Issue d‘une famille d‘horticulteurs et de marins, ma recherche est centrée autour des questions du vivant, de la structure clanique, du lien et de l‘appel de l‘aventure. Mon approche relève de la fable documentaire ou encore du "réalisme magique". J‘explore des lieux interlopes, inaccessibles, où le danger et le mystère planent : l‘ancienne pépinière abandonnée de son père, un volcan endormi, les vagues d‘un barrage, la géologie d‘une terre bouleversée par les conflits et les tremblements de terre en Arménie, un jardin-laboratoire au pied d‘un glacier sur le tracé de l‘épopée d‘Hannibal dans les Alpes.
Les personnages marginaux et l‘univers irrationnel me fascinent, depuis plusieurs années, j‘ai photographié des communautés masculines tels des élagueurs et jardiniers ; ou encore deux frères, sortes d‘enfants-loups, vivant en autarcie au-dessus d‘un relief inversé en Ardèche ; l‘itinéraire de mon arrière-grand-père Capitaine de vaisseau par le prisme des superstitions de marins ; des contrebandiers et autres déserteurs à la frontière italienne et espagnole ; un groupe d‘hommes détenus qui échafaudent ensemble un langage codé.

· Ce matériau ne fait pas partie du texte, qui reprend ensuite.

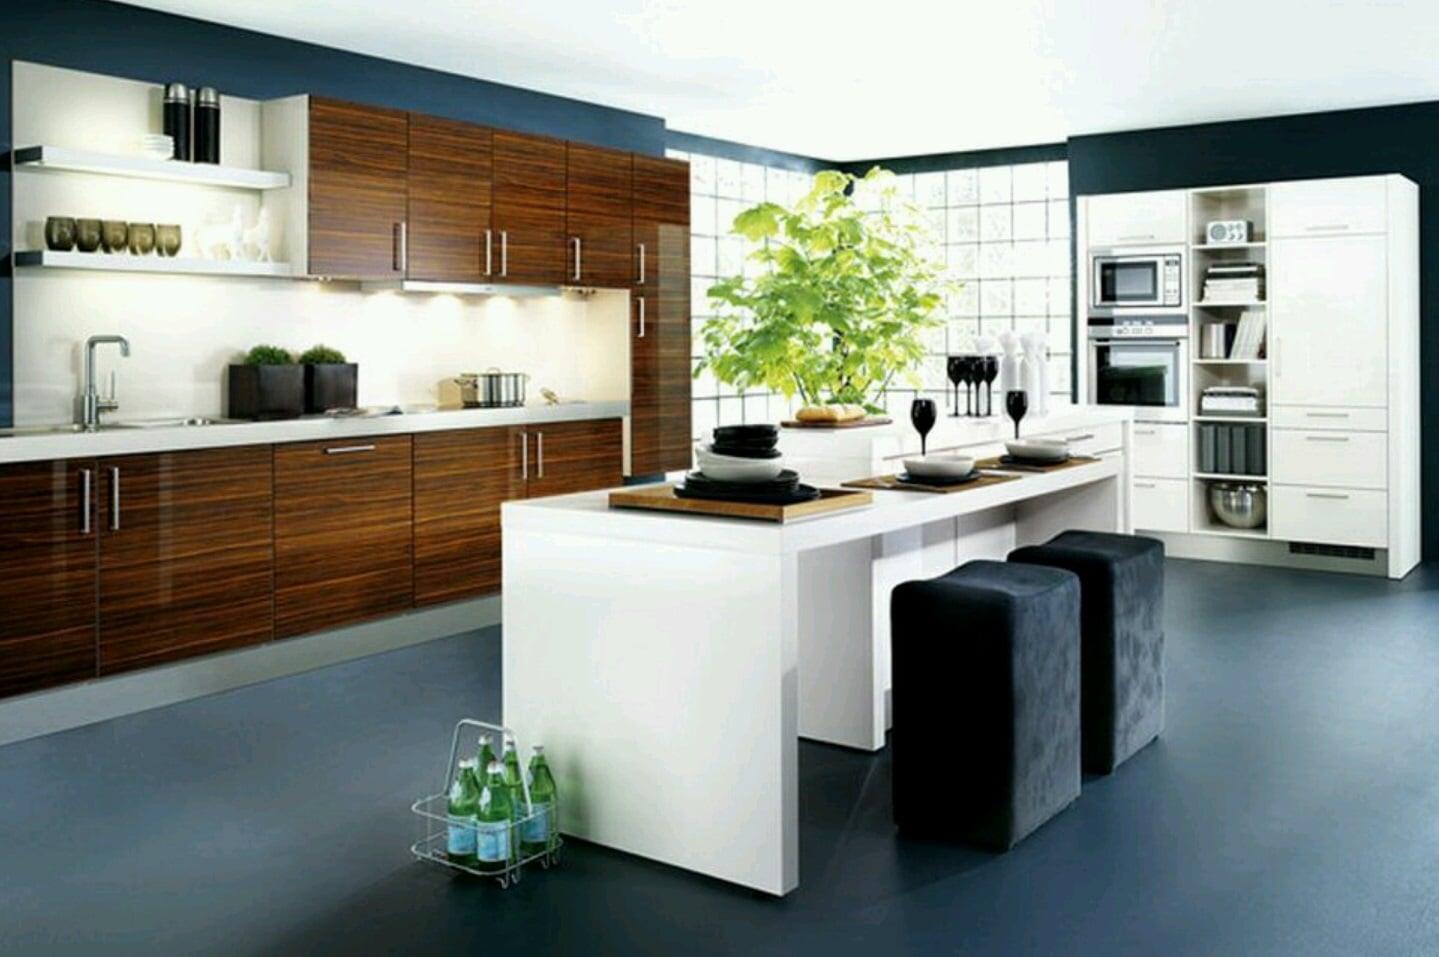 Cucina Moderna Con Isola Foto
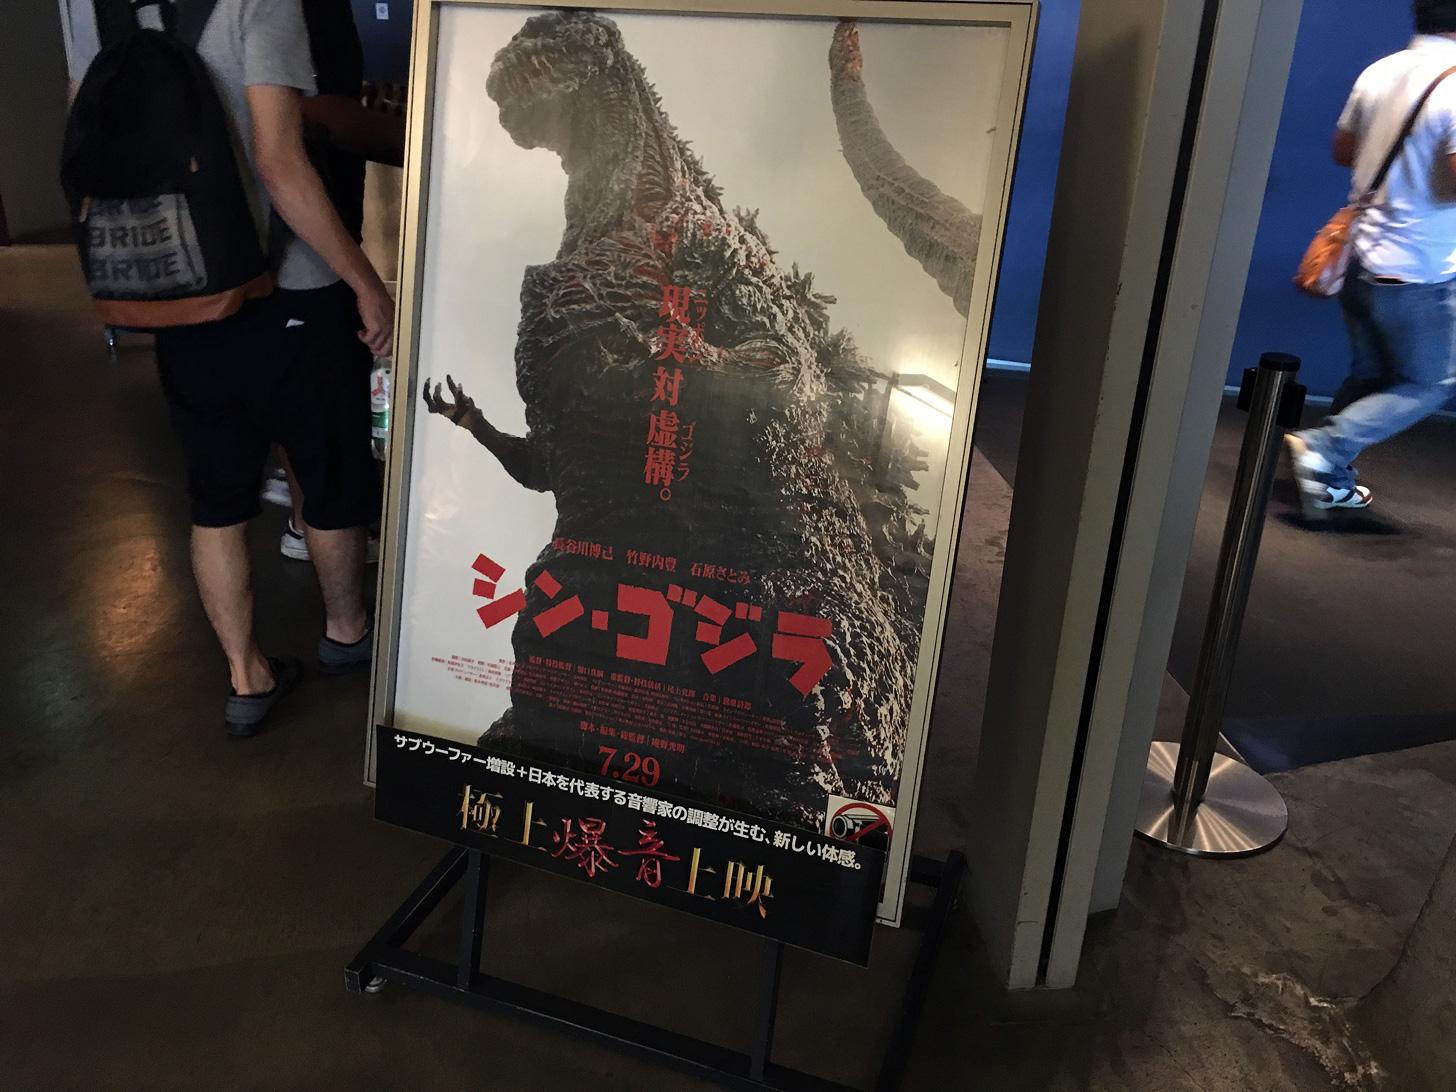 シン・ゴジラの立川シネマシティ「極上爆音上映」に行ってきた。

La question du récit et de la métamorphose sous-tend l‘ensemble de mon travail, il s‘agit souvent de l‘invention d‘un destin individuel clivé au sein des rituels d‘un groupe. Mon approche plastique est sensorielle, immersive, parfois hallucinée. J‘utilise souvent la lumière de l‘éclipse, les symboles, les monochromes proches de la couleur des rêves, de la sidération, qui nous transportent vers un renversement des valeurs de ce monde.